Using the records that appear below, write out exactly the lines from the one with "19th street image" through the one with "Construction equipment's used", keeping both end lines.

## Records to process
______________________________

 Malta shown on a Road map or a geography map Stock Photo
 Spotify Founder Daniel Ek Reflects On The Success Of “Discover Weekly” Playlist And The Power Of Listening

______________________________

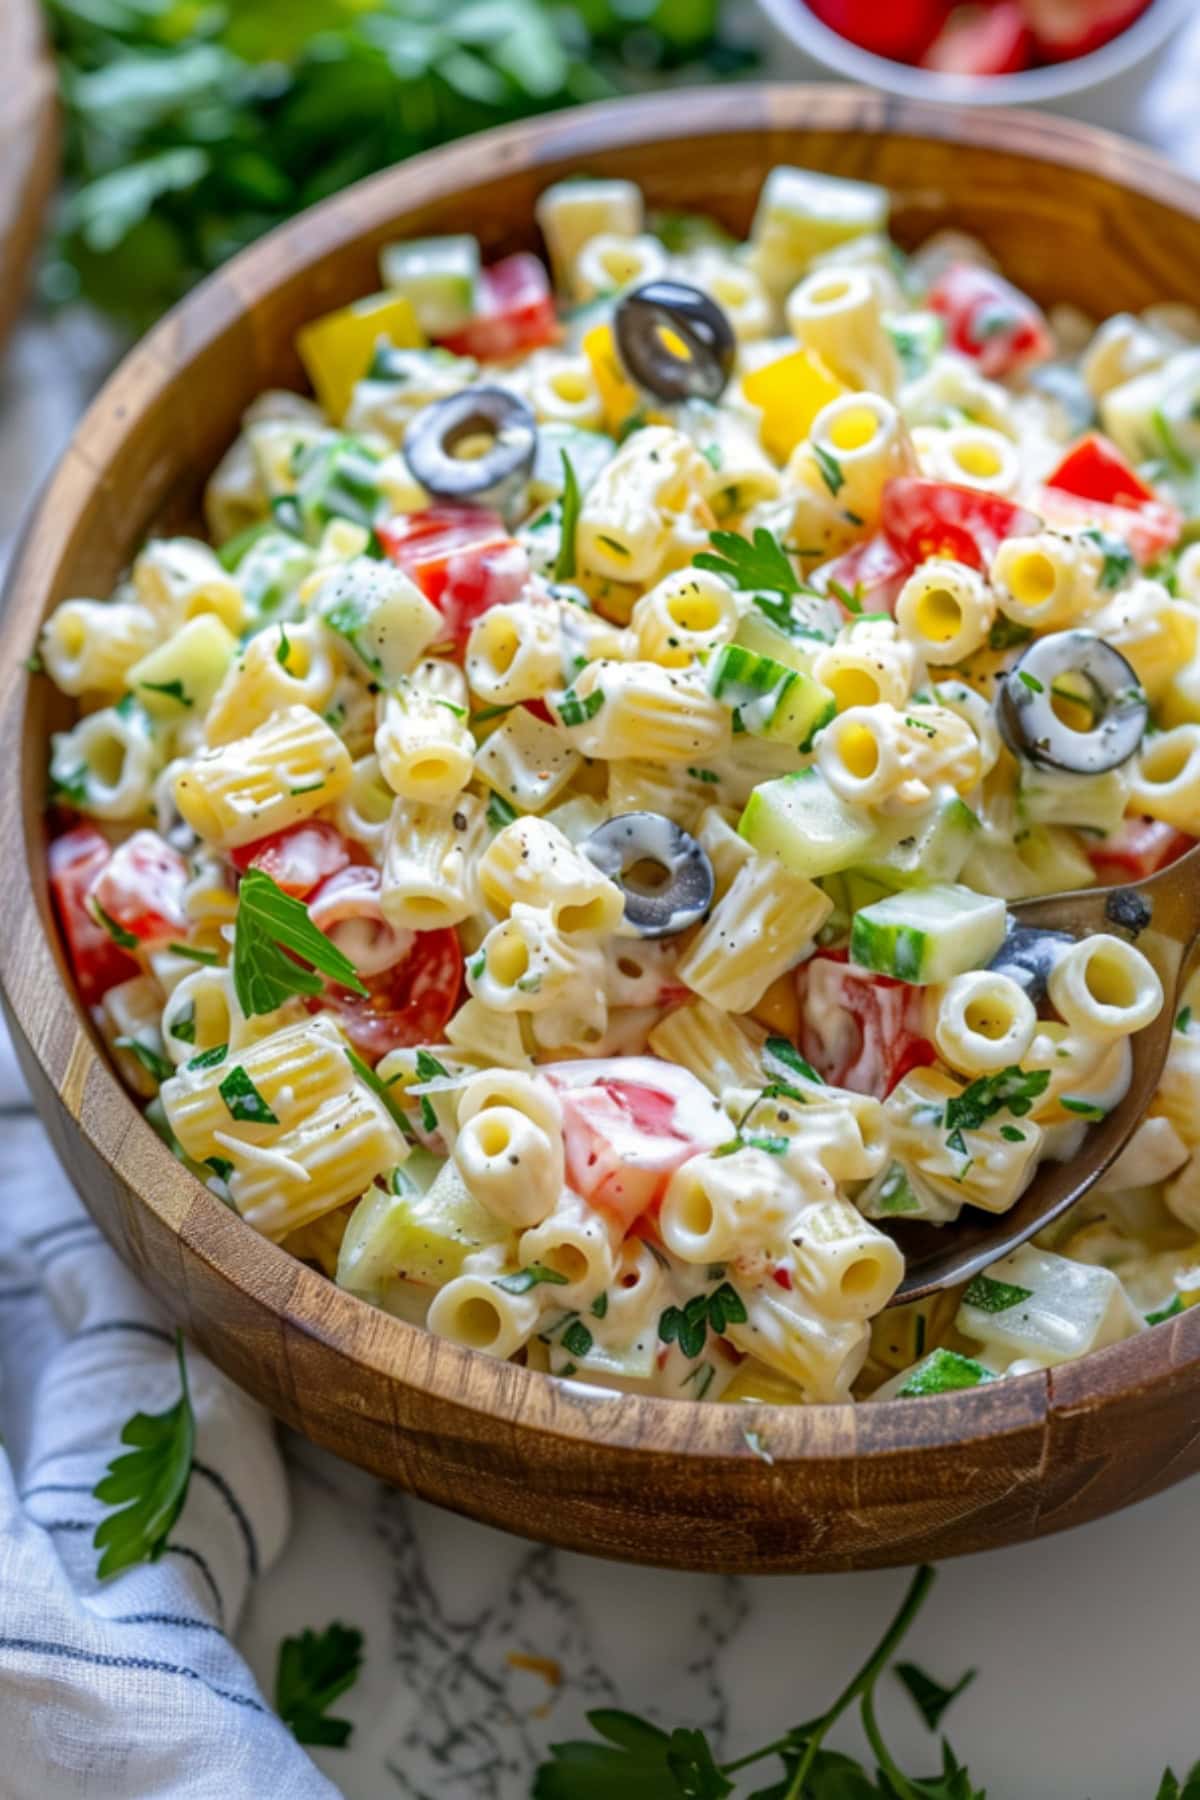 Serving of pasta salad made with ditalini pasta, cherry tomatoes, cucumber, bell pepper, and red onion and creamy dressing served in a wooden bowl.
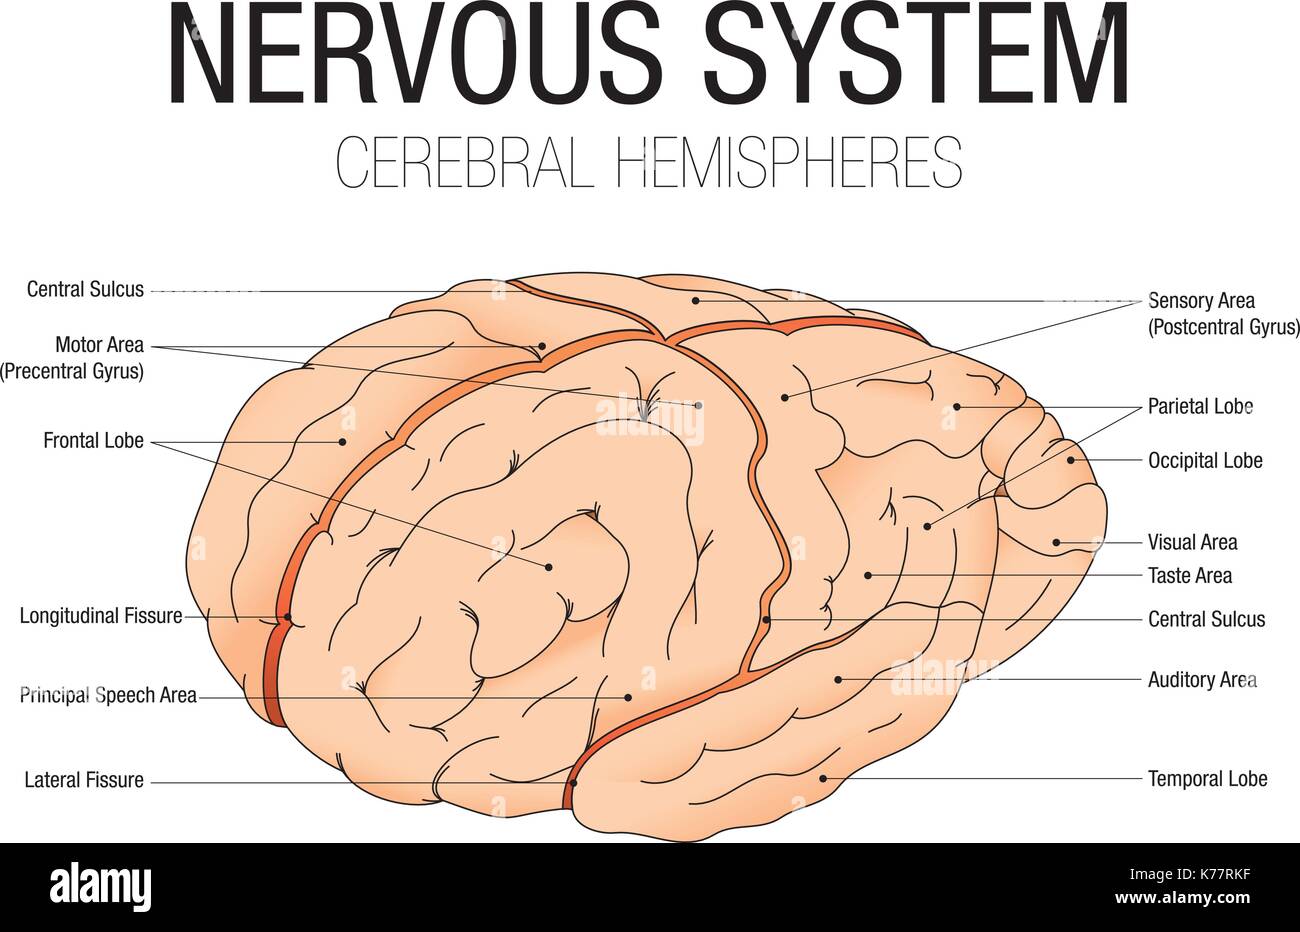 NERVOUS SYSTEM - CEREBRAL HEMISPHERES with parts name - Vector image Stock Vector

______________________________

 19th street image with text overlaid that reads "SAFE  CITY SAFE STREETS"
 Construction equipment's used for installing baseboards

______________________________

## Output for this exercise
 19th street image with text overlaid that reads "SAFE  CITY SAFE STREETS"
 Construction equipment's used for installing baseboards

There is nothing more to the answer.